Roman Mosaic c. 2025 by Jeremy Deller

I invited Jeremy Deller to undertake this commission for Wild Eye and once we started discussing creating a fragmentary floor mosaic, which would look like it might be an ancient mosaic which had been unearthed, I knew we should work with Coralie Turpin, a Sheffield-based mosaicist. The collaboration worked brilliantly and after a 18 month development period, the final piece was launched on 26 April 2025, as part of the new renovated and repurposed Seawatching Station, all part of Wild Eye.

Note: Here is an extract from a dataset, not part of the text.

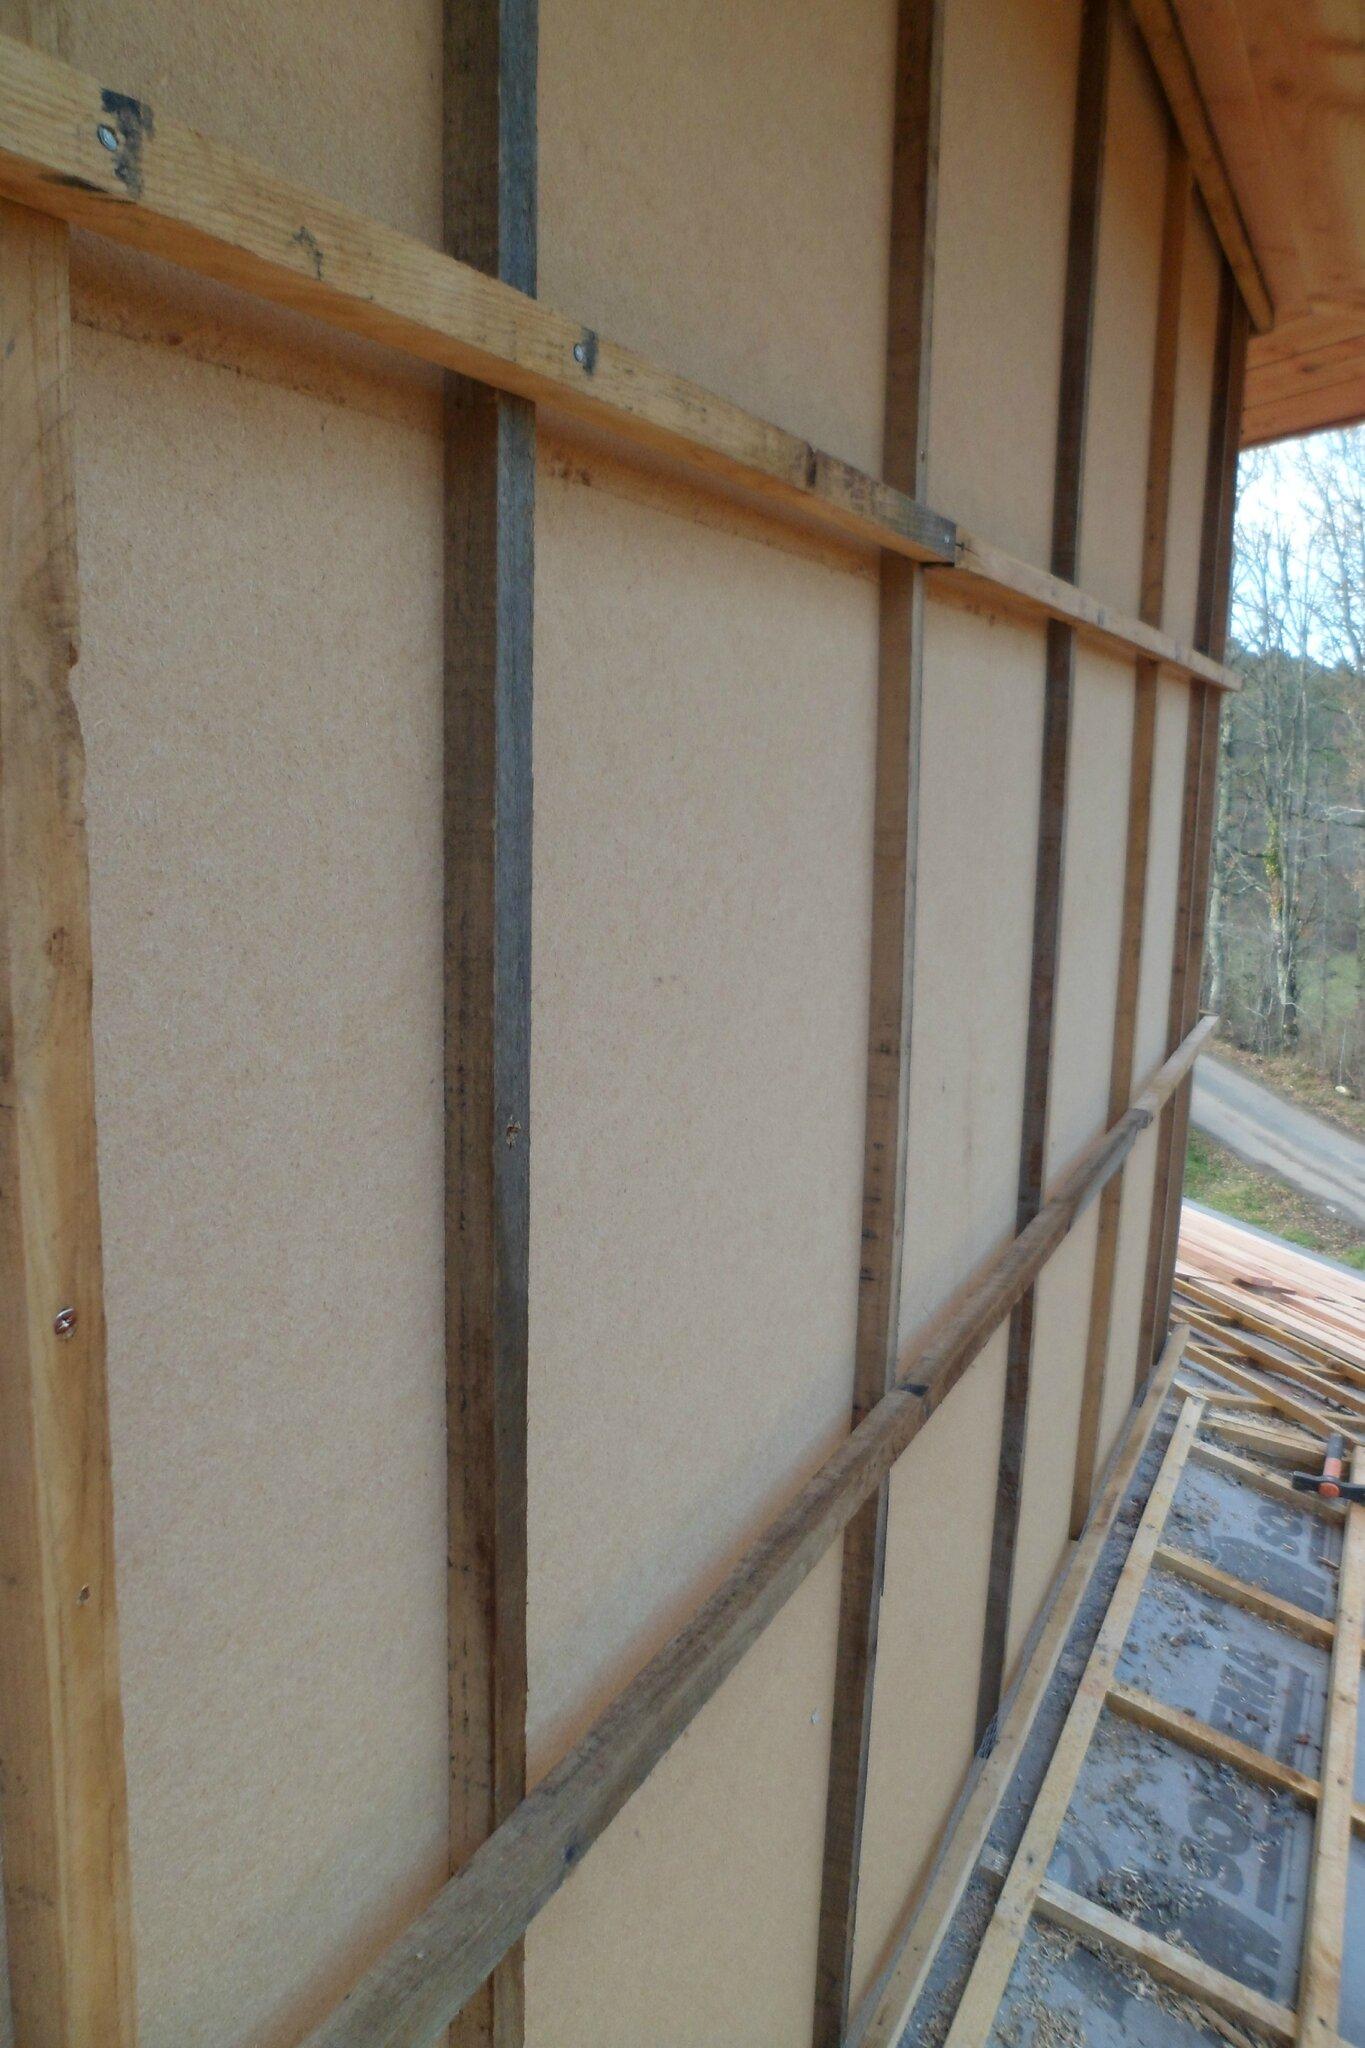 Bardage bois octodomus notre maison octopassive - Fixation bardage bois exterieur ...

Scarborough has a Roman past which is very apparent today – there are the remains of a Roman signal station on the castle headland above the site of the work and school children do an archaeological ‘big dig’ each year, looking for ancient artefacts. The work was inspired by the ancient seascape mosaics of Lod and Pompeii. Viewing Roman remains, particularly mosaics, can give us an unnerving sense of deep time, with evidence of lives like ours and wildlife we recognise existing millennia ago. If we project forward a similar timespan, we see a very uncertain future for the natural world of which we are part. Roman Mosaic c 2025, conceived by Jeremy Deller and designed and created with Coralie Turpin contains a central conundrum which is encapsulated in the title: it is a piece of contemporary archaeology made to look like an authentic relic from the past, that invites us to think about the future. 

There is a ‘making of’ video and an audio podcast about the project here and a 4* Guardian review below and here.

images by Jules Lister.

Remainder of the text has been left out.